## The problem
Retype, word for word, the line holding "Microbot Alert Smart Sensor" and each line after it down to the end of the data; pictures are not copied.

## Data excerpt
________________________

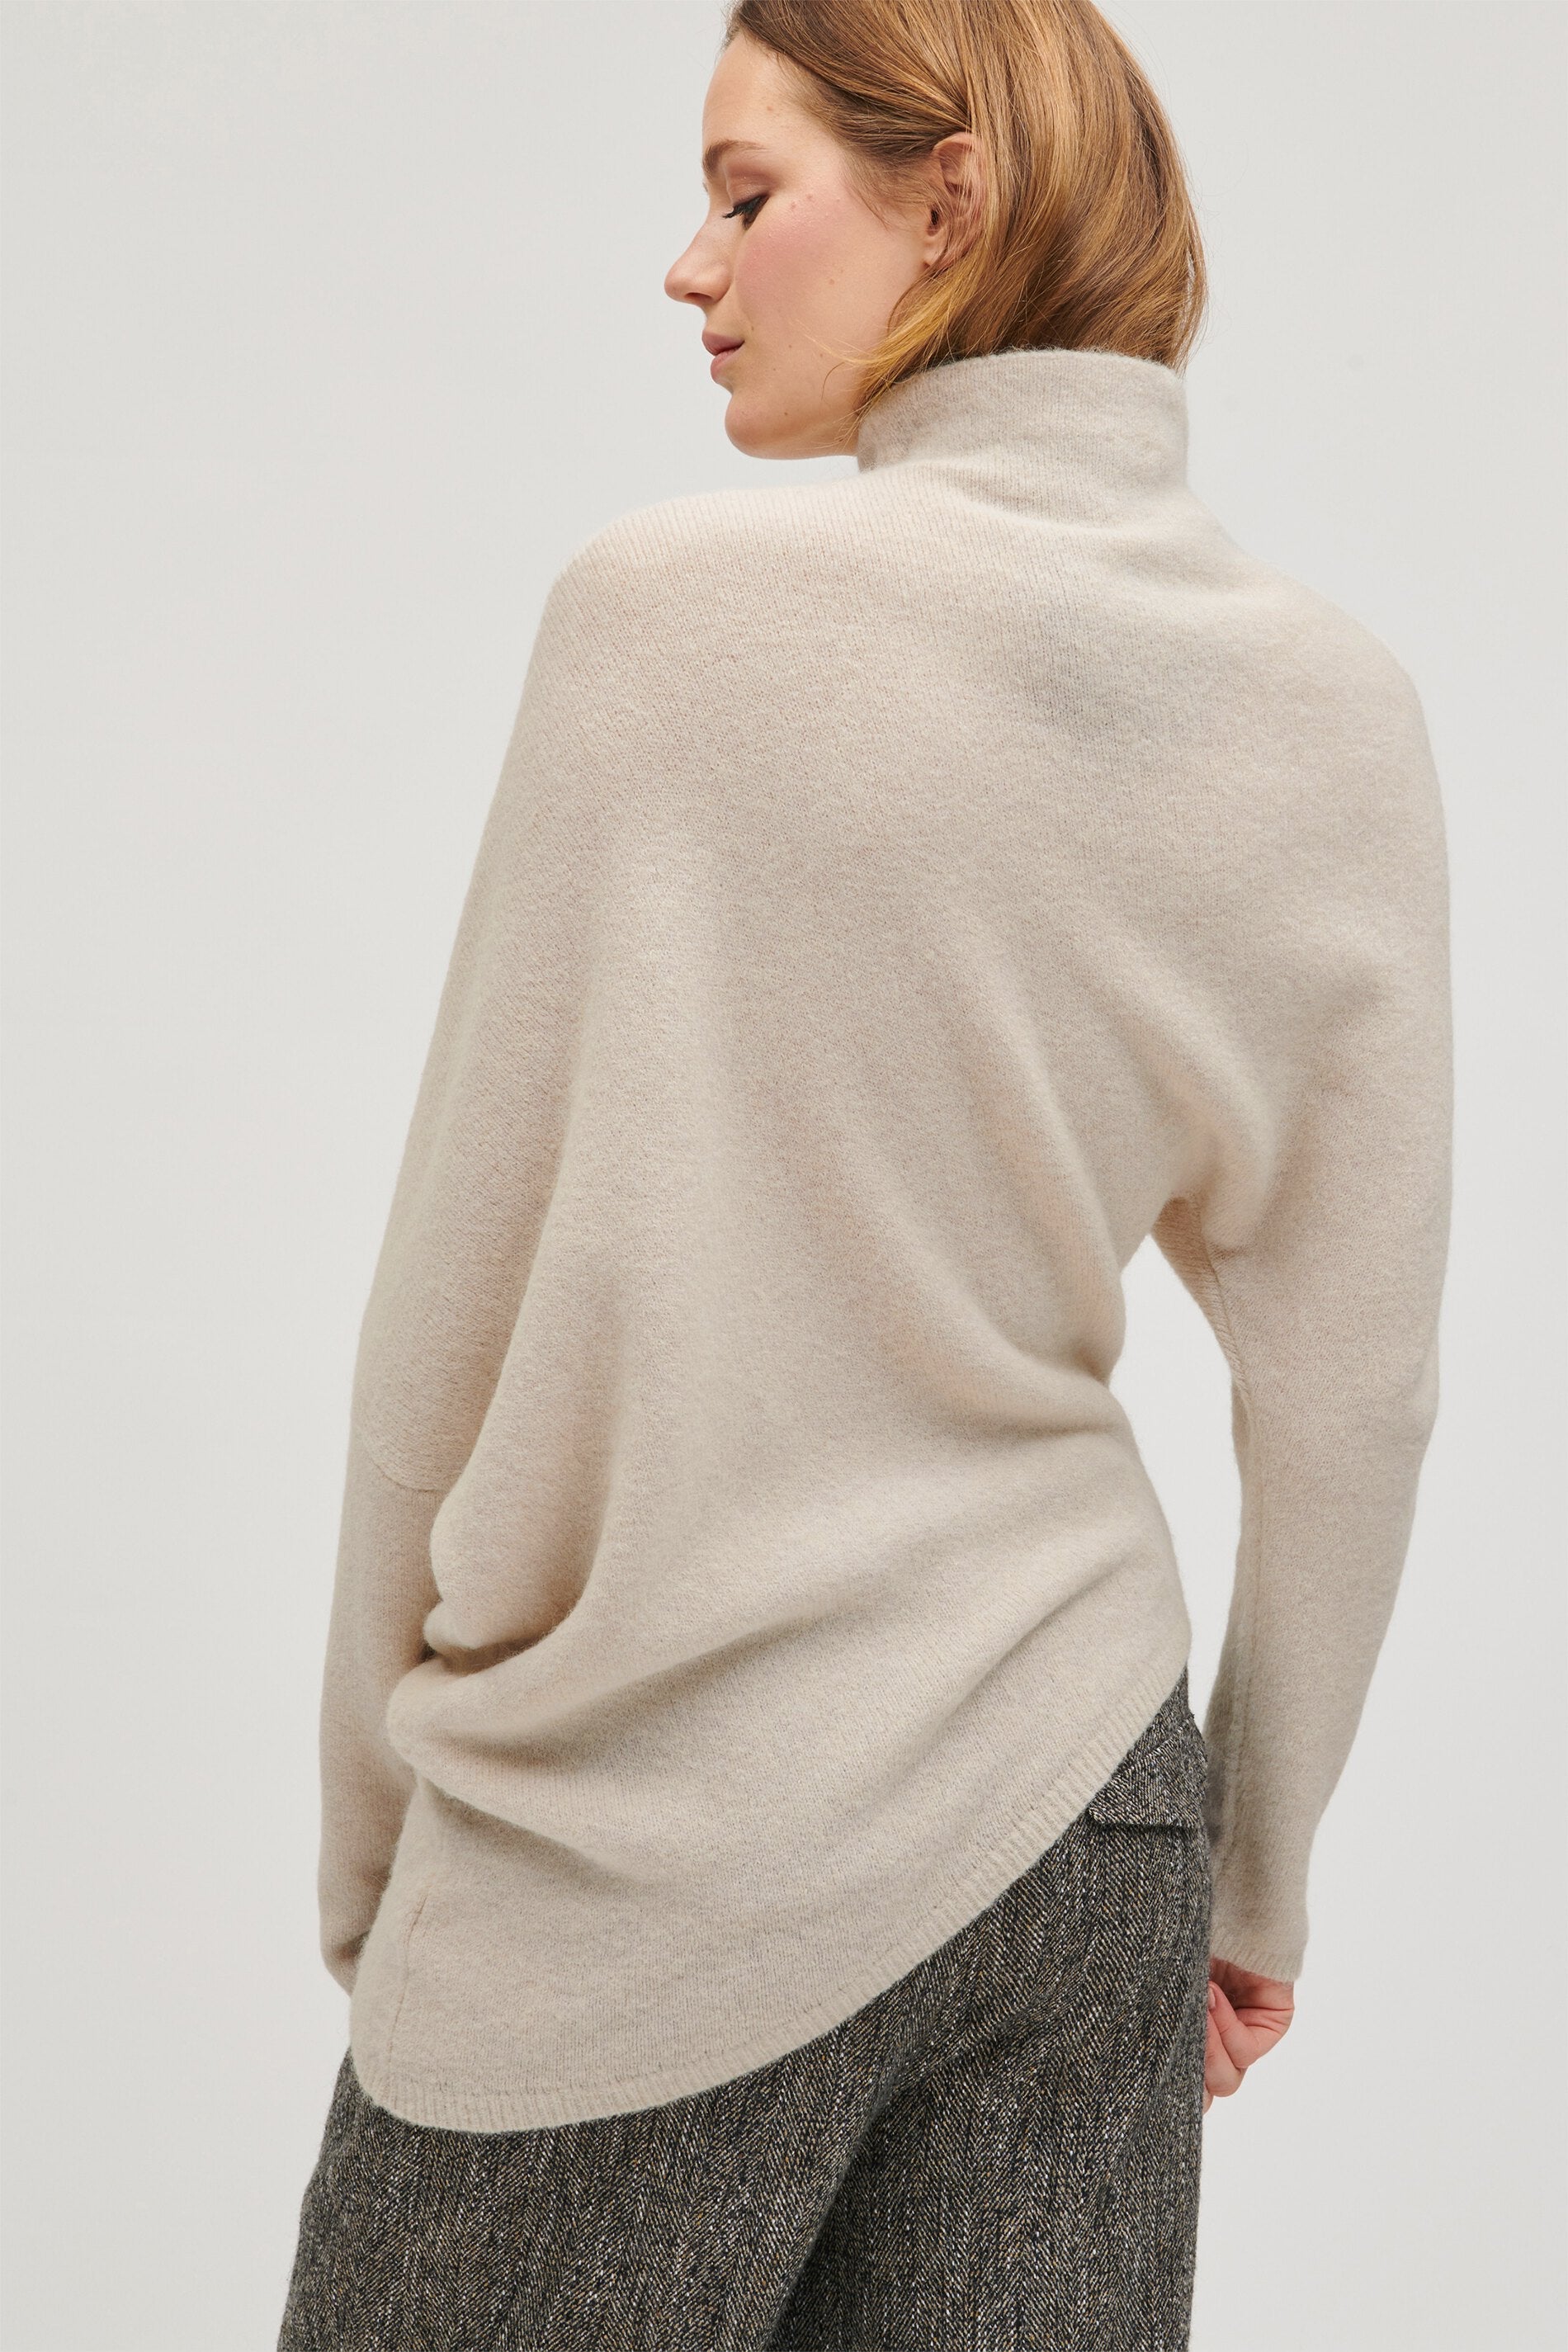 LUISA CERANO-OUTLET-SALE-Asymmetrischer Pullover-Strick-by-ARCHIVIST
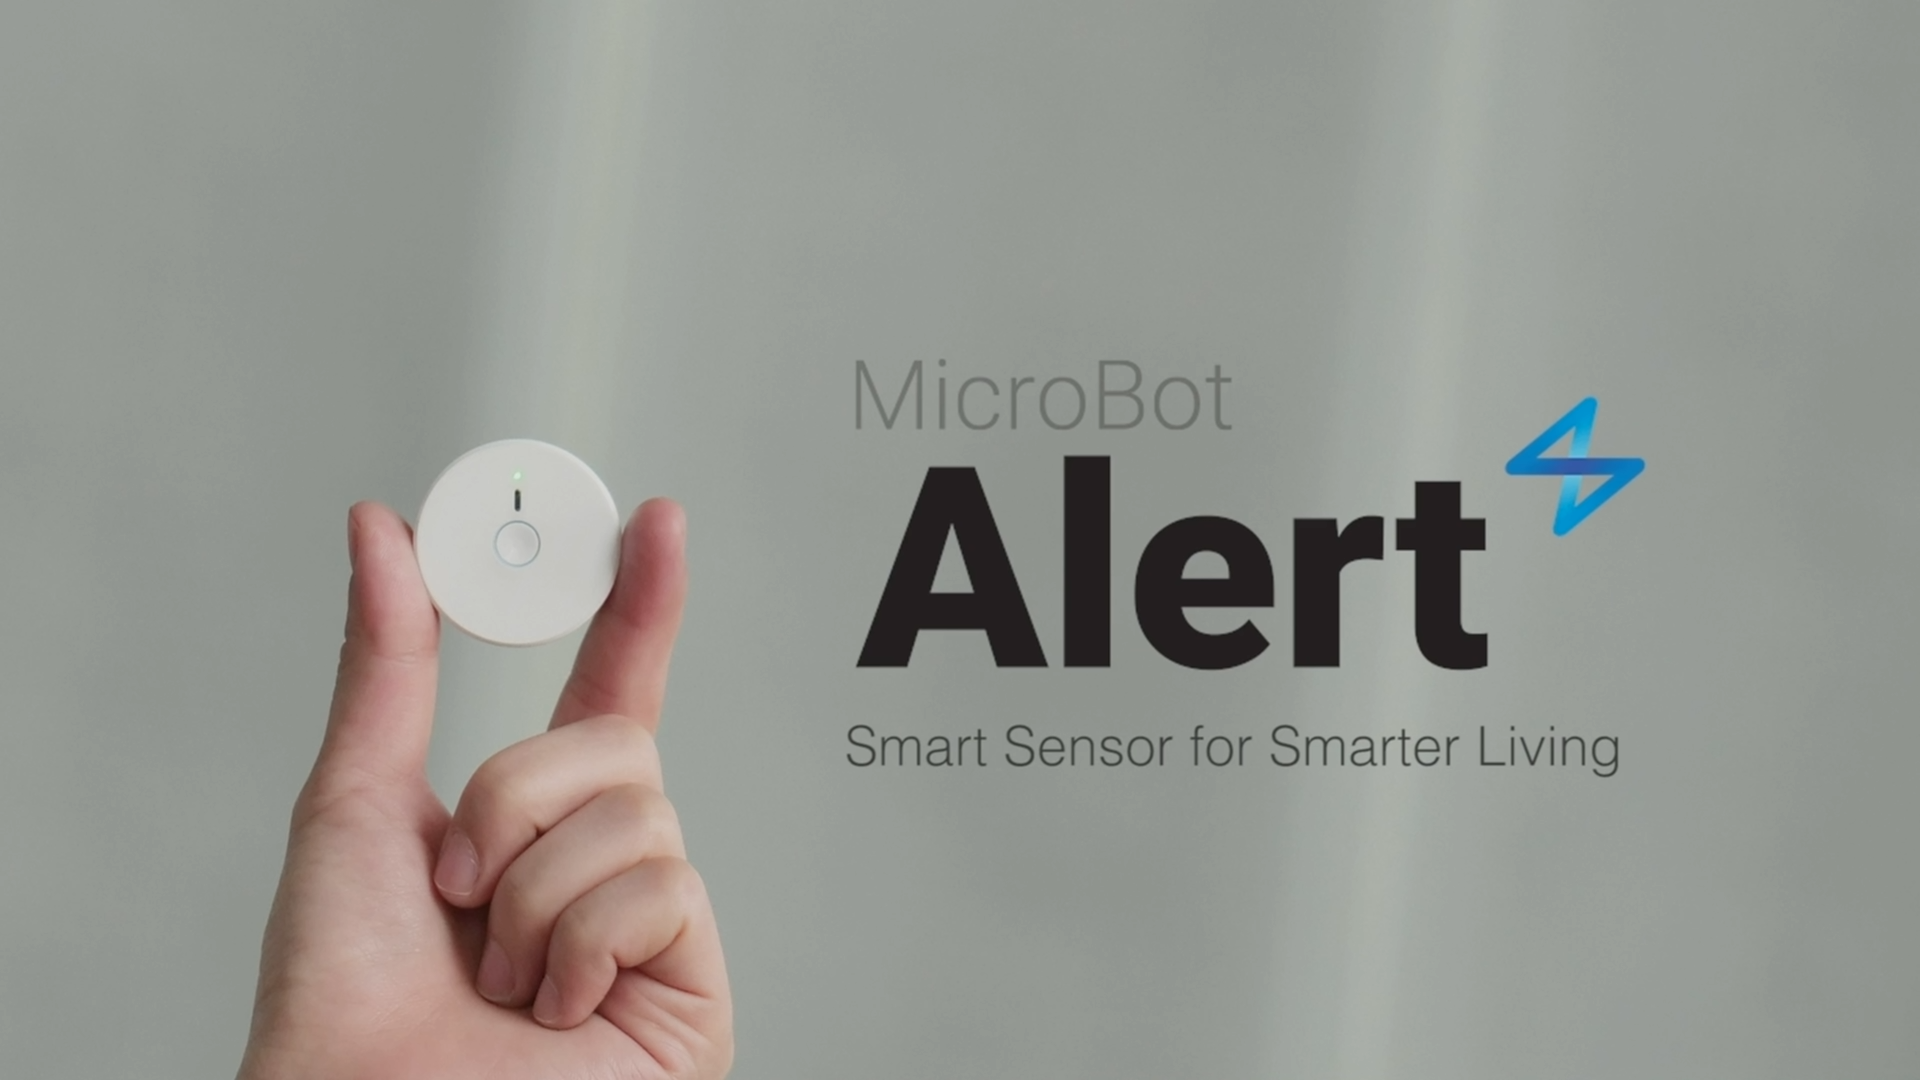 Microbot Alert Smart Sensor
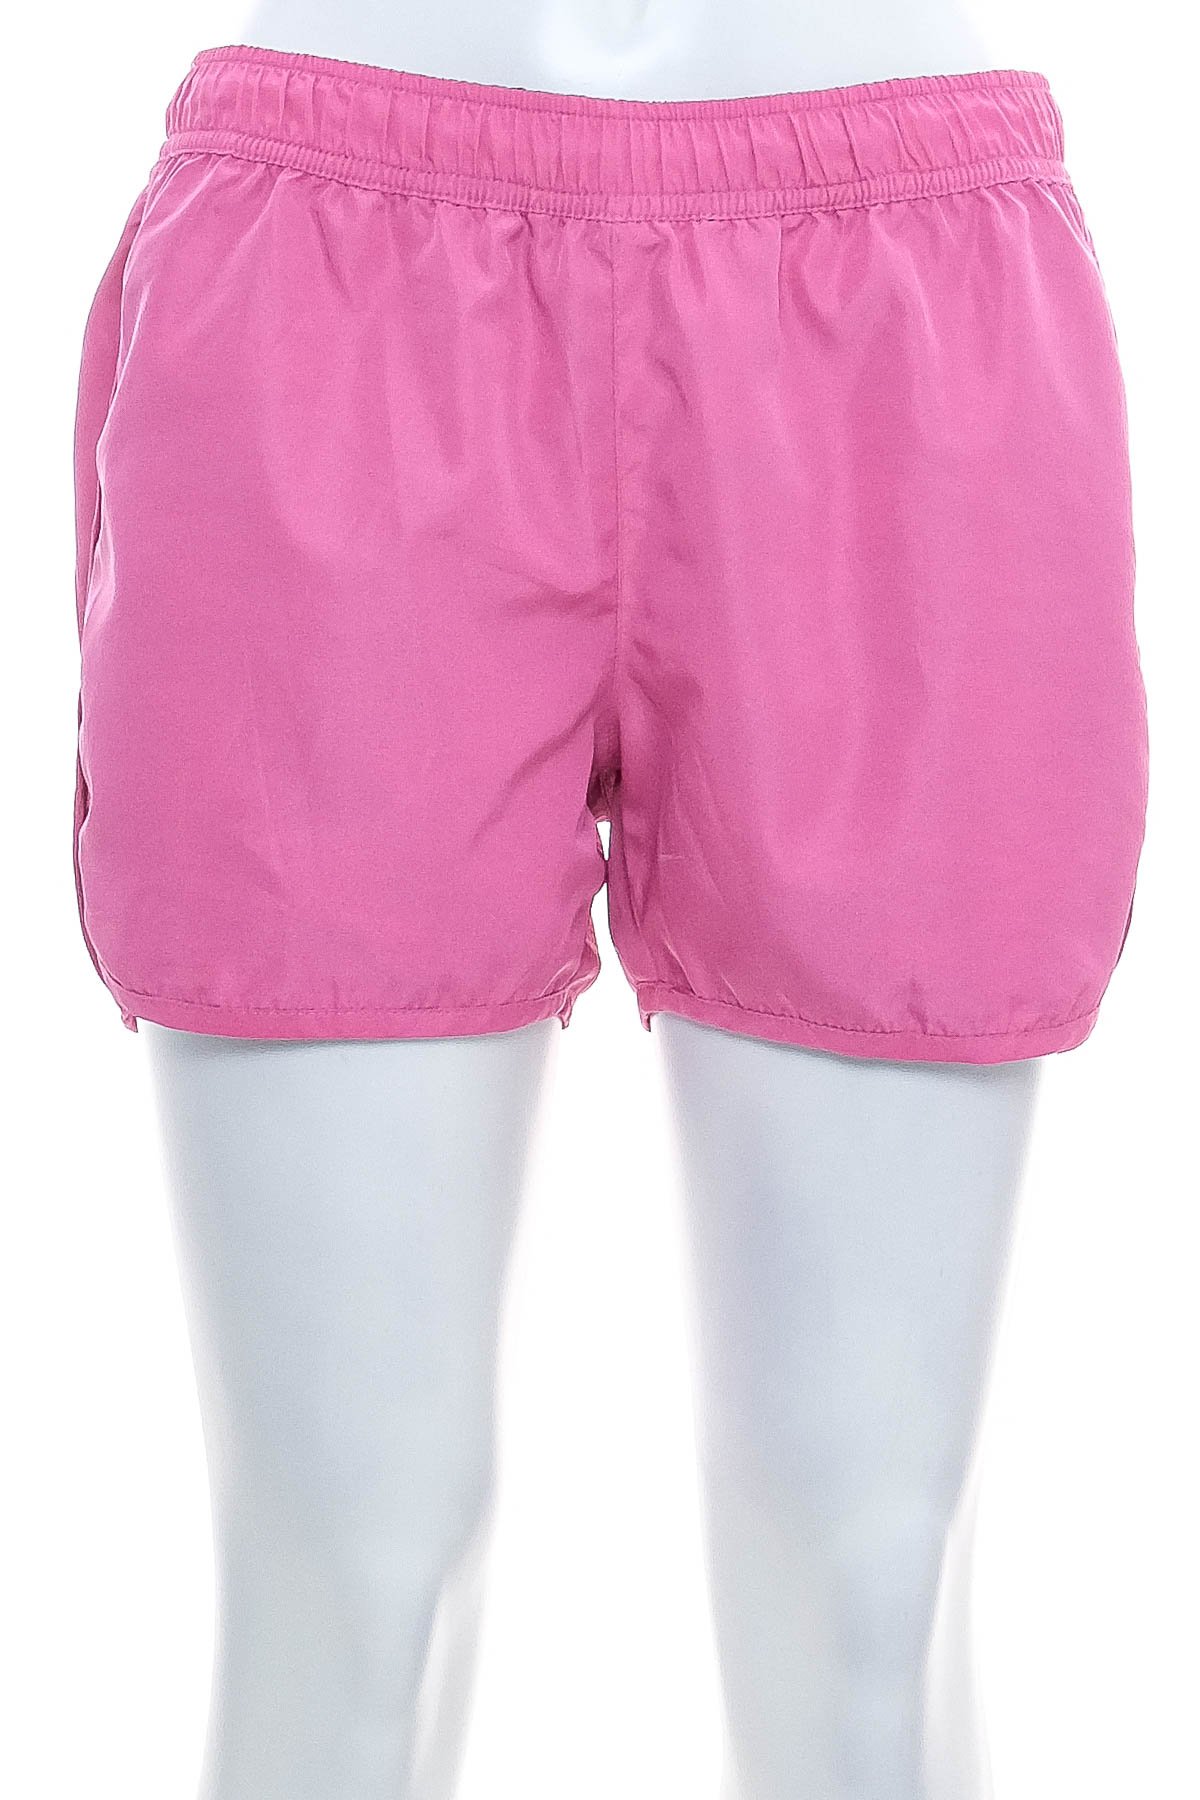 Women's shorts reversible - TCM - 1

________________________

## Answer space
 Microbot Alert Smart Sensor
 Women's shorts reversible - TCM - 1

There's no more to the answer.